Аттестат зрелости - Козаченко Василий Павлович 11 стр.


Существовали, собственно, две тайны. Но одна  разделенная с Дмитром. Об этой тайне они не рассказали бы никогда и никому даже под страхом смерти. О другой должен был знать весь мир. Но сказать кому-нибудь о ней тоже не решались. Это была их собственная тайна. Хоть ее, казалось, разгадали даже гнедой конь с длинной белой пролысиной на лбу и низенькая саврасая с большим брюхом. Кнут в руках возницы не хлестал их по спинам неожиданно и больно, а лишь нежно поглаживал. Да и обращался к ним возница с тихими и ласковыми словами. И лошади понимали это. Шли медленным, ленивым шагом. Порой сворачивали с проторенной дороги, хватали траву мягкими губами.

Солнце поднимается все выше и жжет нестерпимо. Катя сорвала несколько ветвистых кустиков растущего у дороги заячьего холодка и сделала из них нечто вроде навеса для защиты от солнца. И можно было лучше спрятать лицо, особенно глаза. Почему-то было ей очень стыдно. Боялась взглянуть на Юрка, а поглядев, сразу смущалась и заливалась краской.

Мало думалось, да и не хотелось им думать об опасности. Ехали по пыльной степной дороге.

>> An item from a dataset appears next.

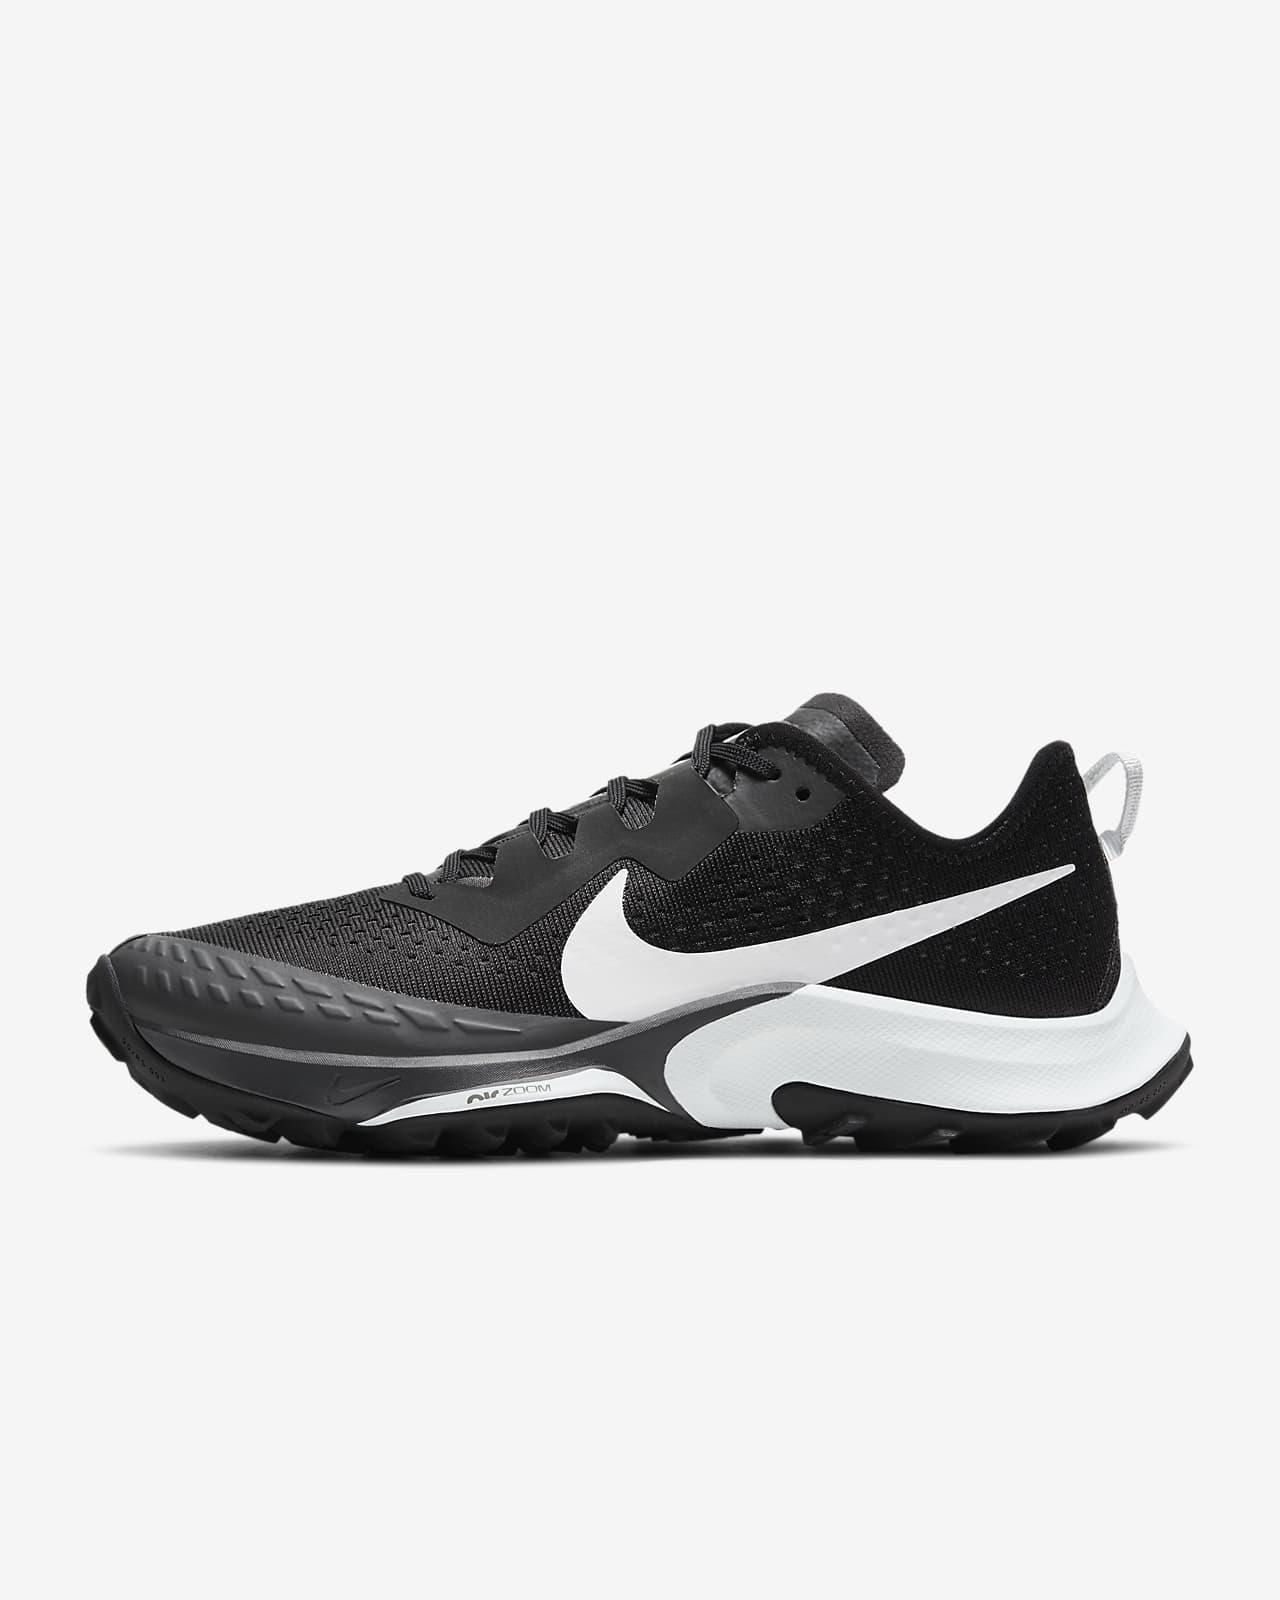 Dámská běžecká trailová bota Nike Air Zoom Terra Kiger7

Вокруг было пустынно. По обе стороны дороги стояли копны, золотом отливала свежая стерня, сквозь которую пробивалась нежно-зеленая поросль.

Стерня сменялась то яркими пятнами подсолнухов, то темными клочками земли, где рос картофель. Потом долго тянулись пустыри, расцвеченные желтым разливом буркуна, сиреневыми гроздьями чертополоха, васильками и белыми ромашками. Вдоль дороги над спорышем толпились кустики сокирок, усеянные темно-синими цветочками. Далеко на горизонте струилось знойное марево. В его волнах призрачными казались далекие копенки и фигуры жнецов.

Рация была спрятана в телеге под соломой. Они сидели впереди. А позади торчали пять цинковых бидонов с молоком, раздобытых кем-то в селе по приказу Дмитра. Говорили о последних боях партизан, старались угадать, когда и как появятся наши, представляли себе, какая это будет радость и что они тогда станут делать. Юрко сразу пойдет в армию, а Катя должна учиться. Правда, Катя предпочла бы заняться чем-нибудь более существенным, нужным для фронта. А потом кончится война, все войдет в свою колею. Гостеприимно откроет двери отремонтированная школа. Только, наверное, уже не для них. Подрастут другие, помоложе. А для них школой стала сама жизнь. Многим таким юным искалечили, сломали жизнь фашисты. Не дали учиться, силой увезли в Германию. А жизнь идет своим чередом. Еще предстоит многое. Но это будет уже другое время. За одну парту с малышами не сядешь.

Но место свое в жизни всегда найдешь, лишь бы наши скорее пришли. Тогда все пути будут открыты. Например, в техникум. Там даже до тридцати пяти можно. Цифра эта кажется им пределом старости. Катя представляет себе Юрка тридцатипятилетним учеником и смеется.

Потом вспоминали о том, что было перед войной. Как построили в их селе большие, видневшиеся издалека мастерские МТС, как начали сооружать электростанцию, но помешала война. Кате казалось, что понадобятся многие-многие годы, чтобы восстановить все разрушенное фашистами. Юрко смотрел на будущее веселее. Он обещал за два-три года построить электростанцию и осветить целый район.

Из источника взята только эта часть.